The unique quality of each of these experiences is really helped by the various performances of the cast members. After headlining Amy Seimetz’s debut feature Sun Don’t Shine, Kate Lein Shell reteams with the director for the lead role of Amy. Much like her work in Sun Don’t Shine, Lein Shell’s performance in She Dies Tomorrow makes great use of the actors ability to convey powerful amounts of sorrow in just her eyes. It’s a quality that infuses such a human quality into her acting and makes stripped-down scenes, like the opening sequences showing Amy just wandering around her house in a resigned daze, totally transfixing. Also impressing in their on-screen work is Tunde Adebimpe as Brian.

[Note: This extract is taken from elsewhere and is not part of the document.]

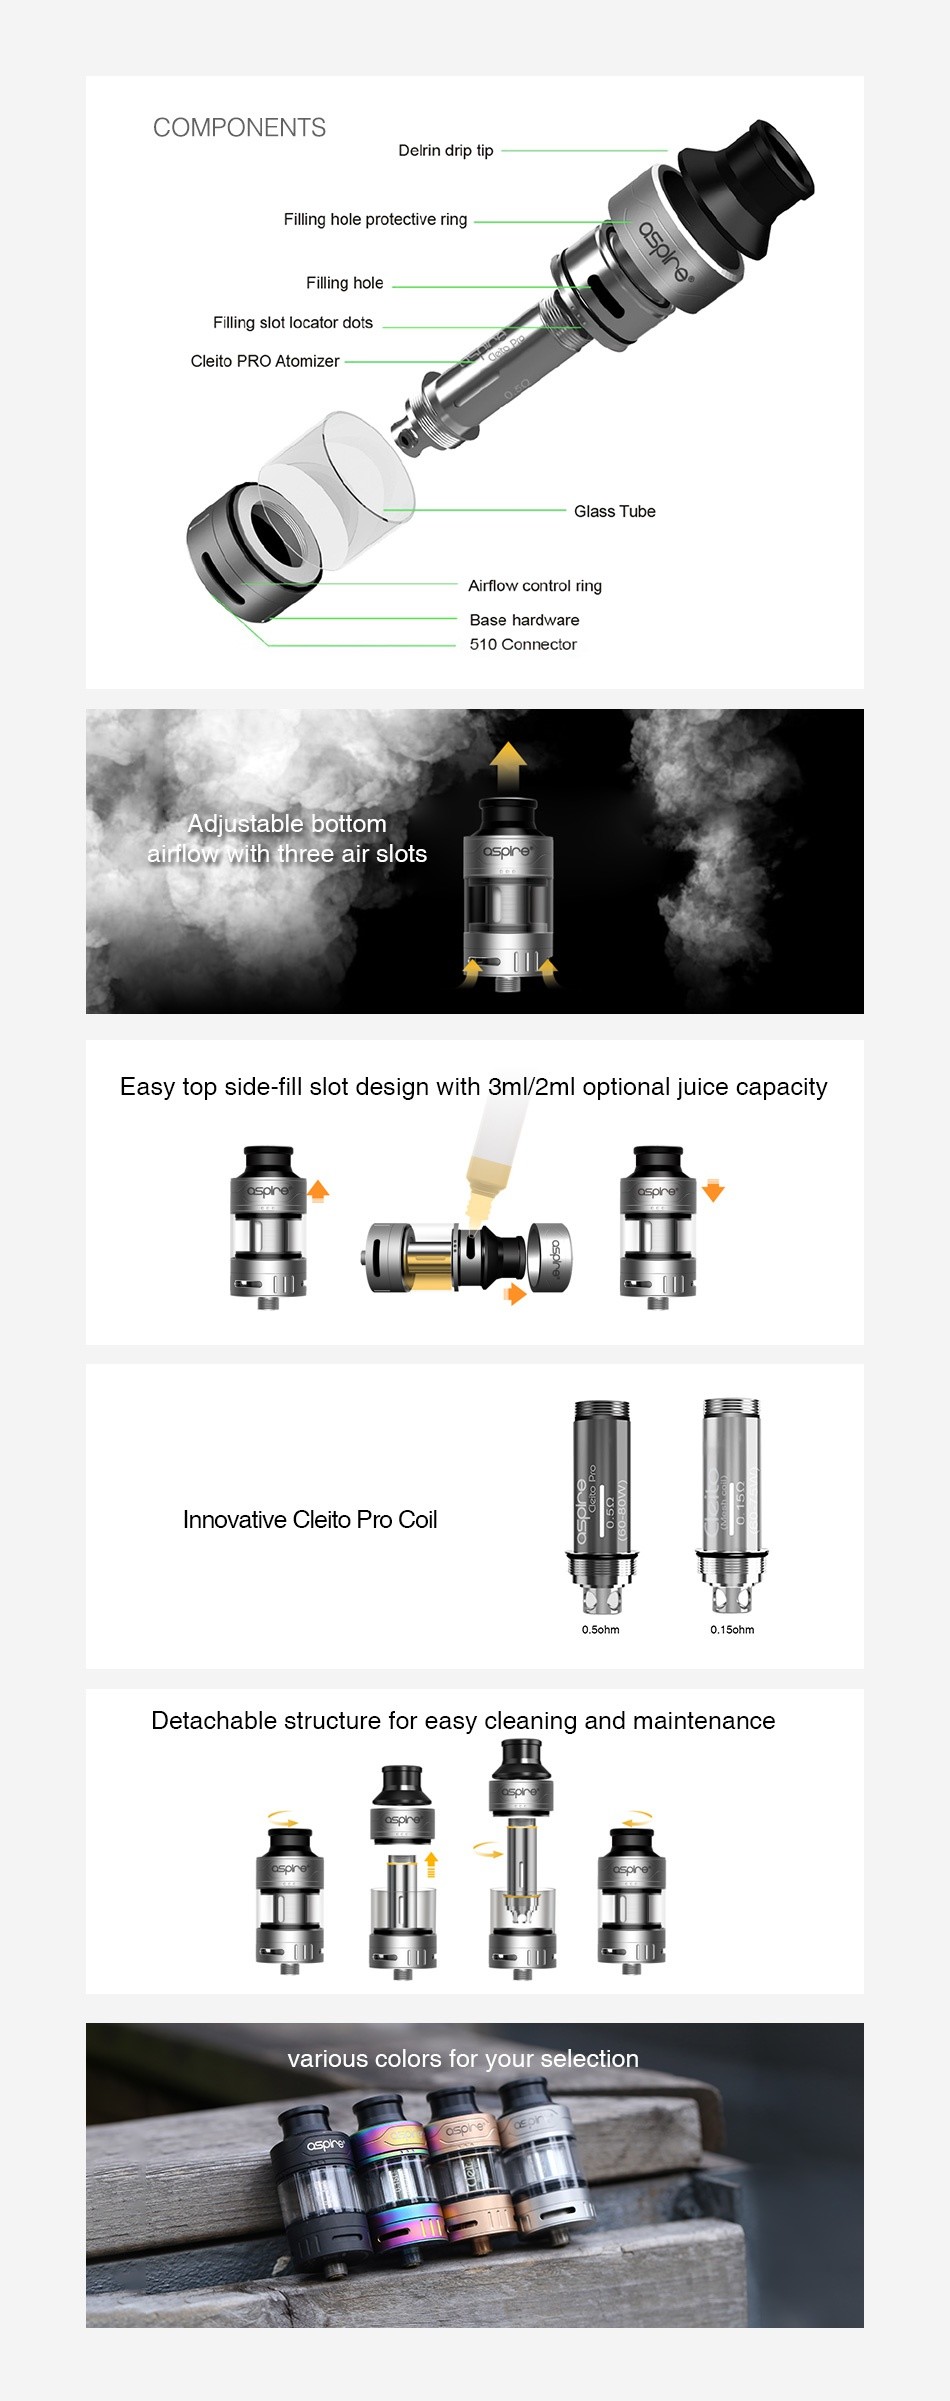 Aspire Cleito Pro Subohm Tank 3ml/2ml COMPONENTS Delrin drip tip protective ring Filling hole Fillirg slot locator dots Cleito PRo Atomizer Glass Tube Airflow control ring Base hardware 510 Connector Adjustable bottom airflow With three air slots Easy top side fill slot design with 3ml 2ml optional juice capacity Innovative Cleito Pro coil Detachable structure for easy cleaning and maintenance   various colors for your selection

From the moment we first meet Brian sitting awkwardly but attentively at a birthday party, Adebimpe imbues the character with an endearing sense of calm. He makes Brian the level-headed character you can hold into during the most intense scenes of She Dies Tomorrow. Even with that subdued quality, though, Adebimpe still incorporates a melancholy quality into Brian’s final hours on this planet that stuck with me. The whole cast in She Dies Tomorrow tends to be this good, right down to cameo appearances by Michelle Rodriguez and Adam Wingard.

Uniting each of the characters in She Dies Tomorrow beyond being played by good actors is that they all encounter the movies colorful vision of death. Jaws had John Williams’ iconic theme music to indicate when it shark is near. She Dies Tomorrow uses a barrage of bright colors to indicate when death has entered the lives of characters like Amy and Jane. The naturalistic lighting of the rest of the movie suddenly fades away as the individual players of She Dies Tomorrow are bathed in bold blue, green, red and yellow hues. This color scheme is also carried over into a recurring visual motif utilizing close-ups of brightly colored surfaces, like a cup containing a bubbly golden drink.

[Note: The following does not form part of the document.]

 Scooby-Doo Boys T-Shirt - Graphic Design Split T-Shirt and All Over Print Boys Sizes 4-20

When looking at these shots, it is usually hard to make out what they are. However, the fact that they are so unusually close to the camera and the unorthodox shapes inside the frame instill a sense of dread in the viewer. It is a perfect ambiguous visual accompaniment to how death manifests in the minds of each of the She Dies Tomorrow characters. None of them know how they are going to perish. But they all know this event is something to fear. Amy Seimetz and cinematographer Jay Keitel’s use bright colors to creatively instill an uncertainty-informed sense of dread into the entirety of She Dies Tomorrow.

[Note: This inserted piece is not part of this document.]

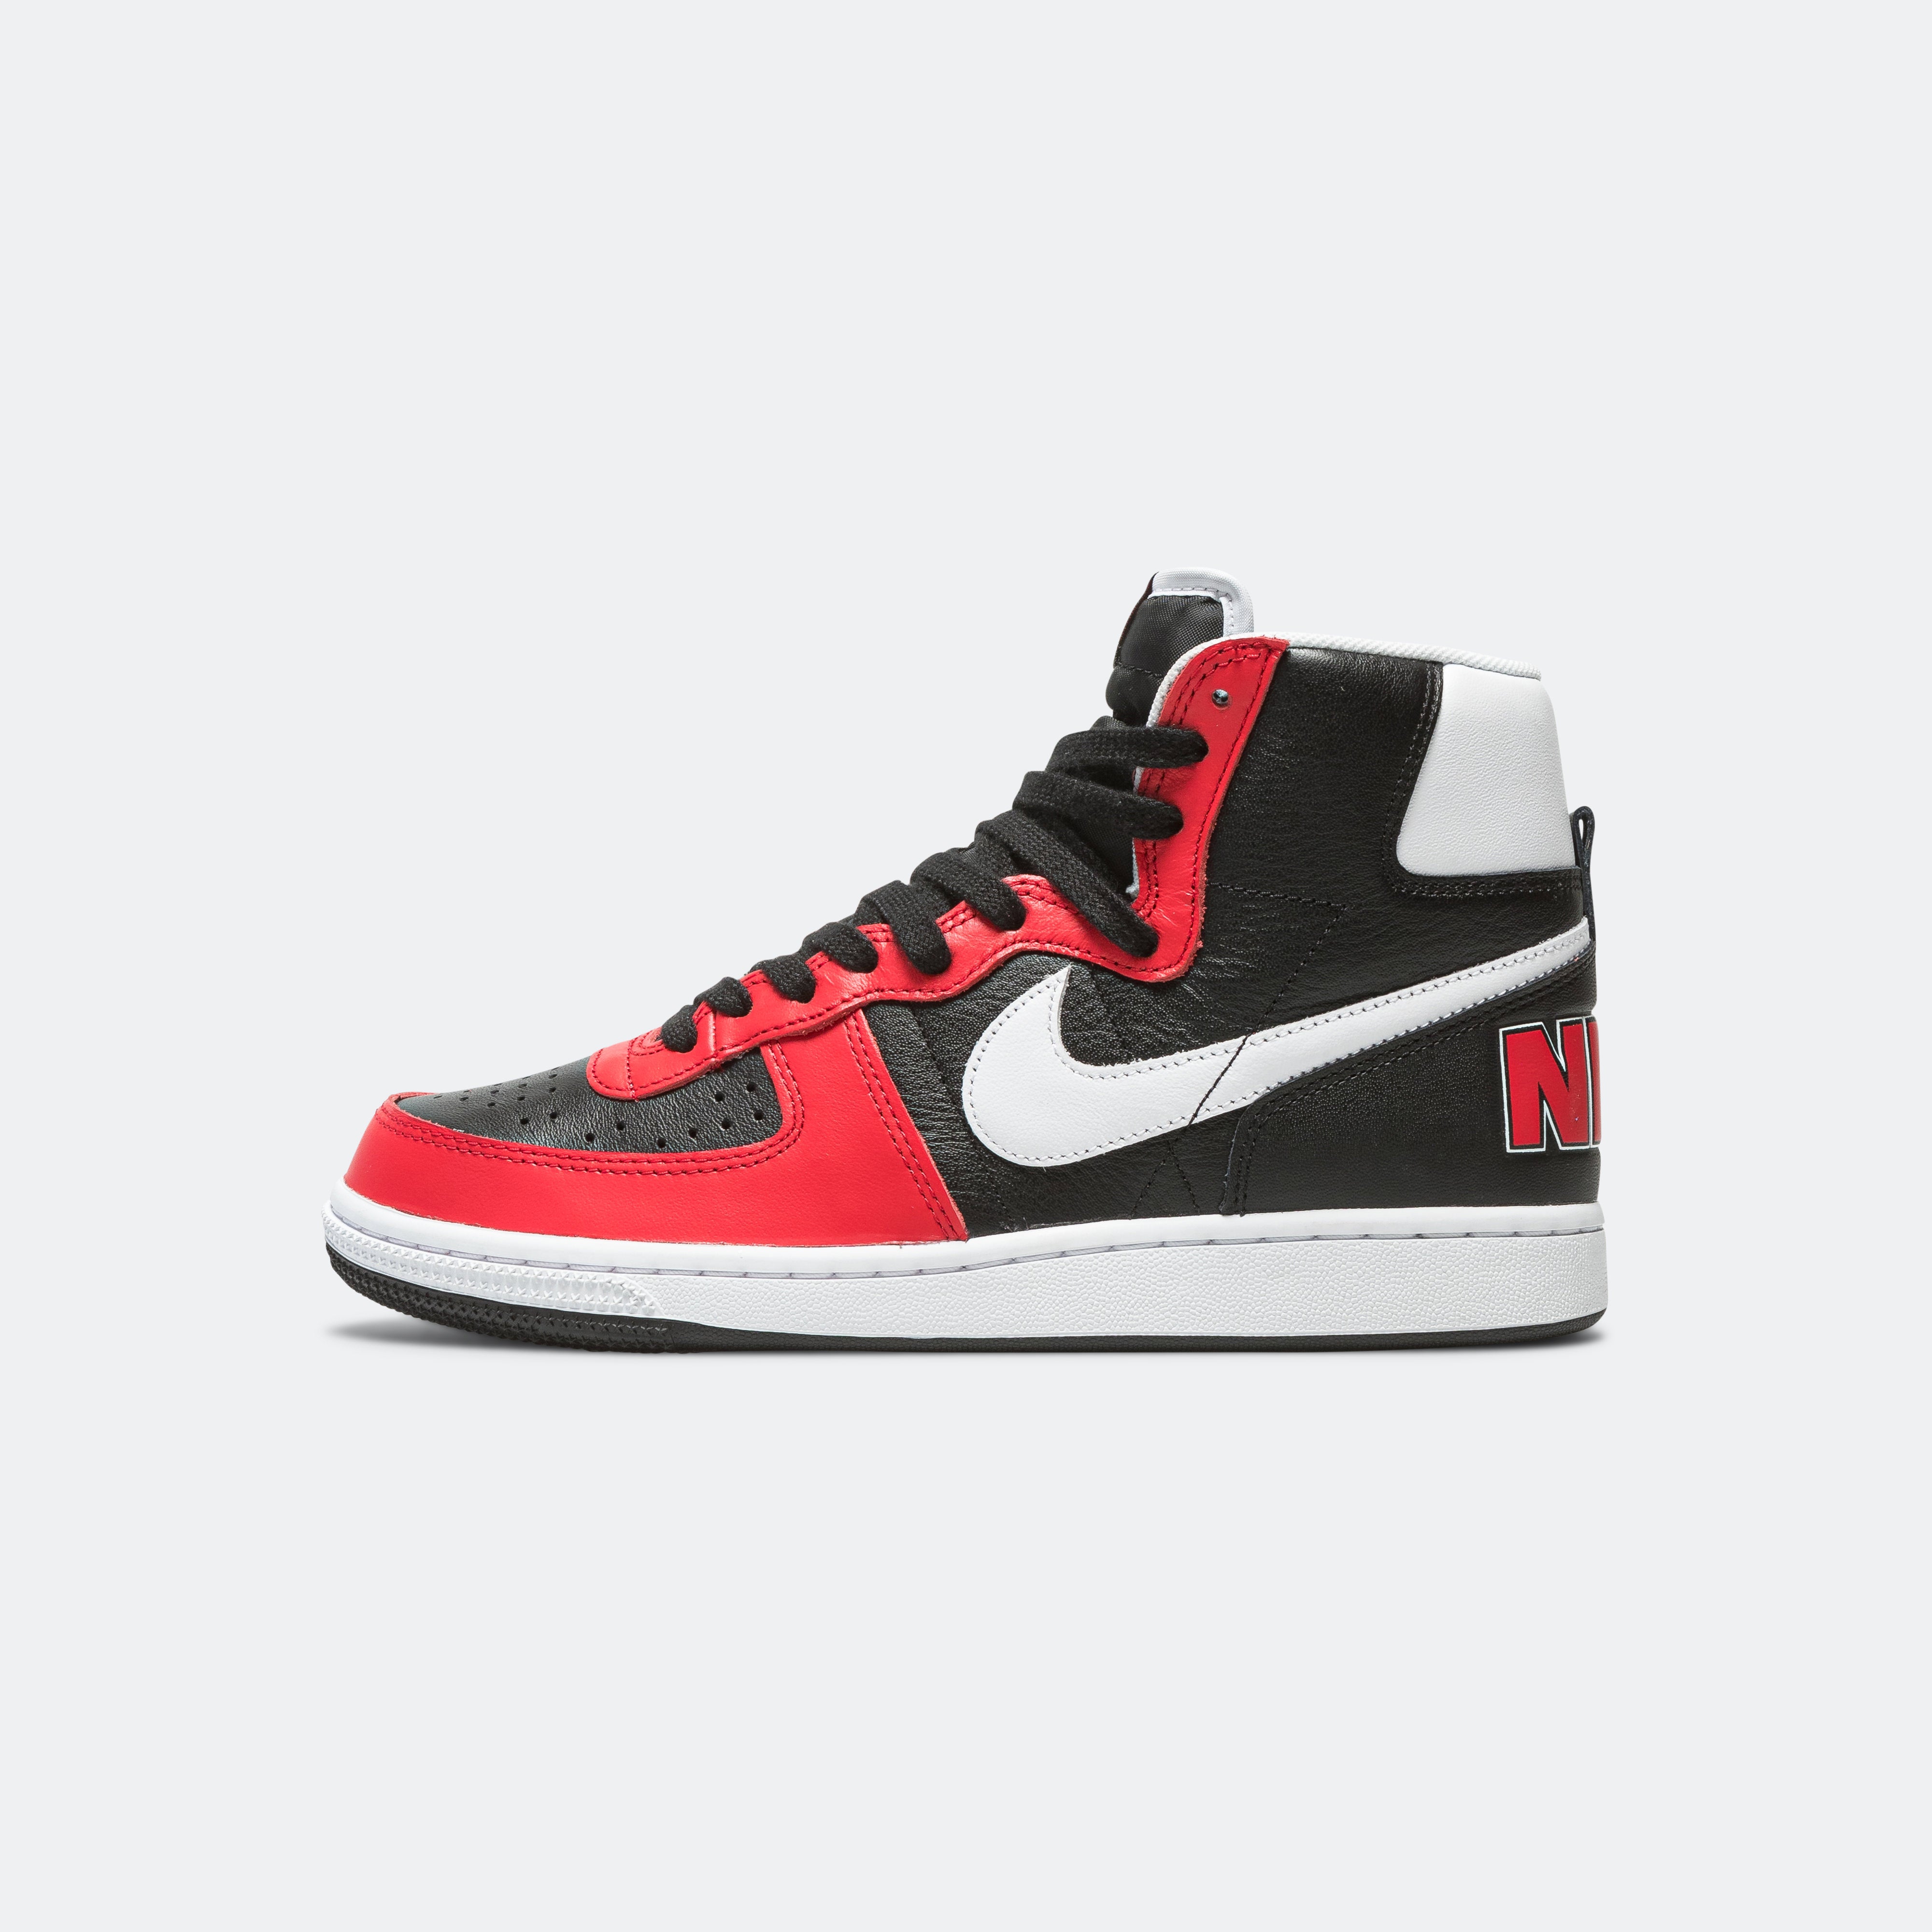 Nike Terminator High - Black/White-University Red | UP THERE

Smartly, Seimetz doesn’t try to provide answers to lofty questions or in-universe explanations during She Dies Tomorrow. Incorporating any of those things would totally undercut the sense of precariousness that’s so crucial to She Dies Tomorrow. Just like in real life, none of these characters know where death is going to come from. Whether it’s from a friend putting the idea in your head or COVID-19, death will eventually size us all. She Dies Tomorrow doesn’t try to impart any wise morals in the face of inevitable death. Particularly in its final scene, it merely normalizes the idea of not having all the answers. Maybe all we can do in the face of death if become fascinated by the idea of becoming a leather jacket. Maybe that’s OK. I, like the characters of She Dies Tomorrow, don’t have all the answers. But I do know for certain is that She Dies Tomorrow is the kind of evocative filmmaking I won’t be able to stop thinking about.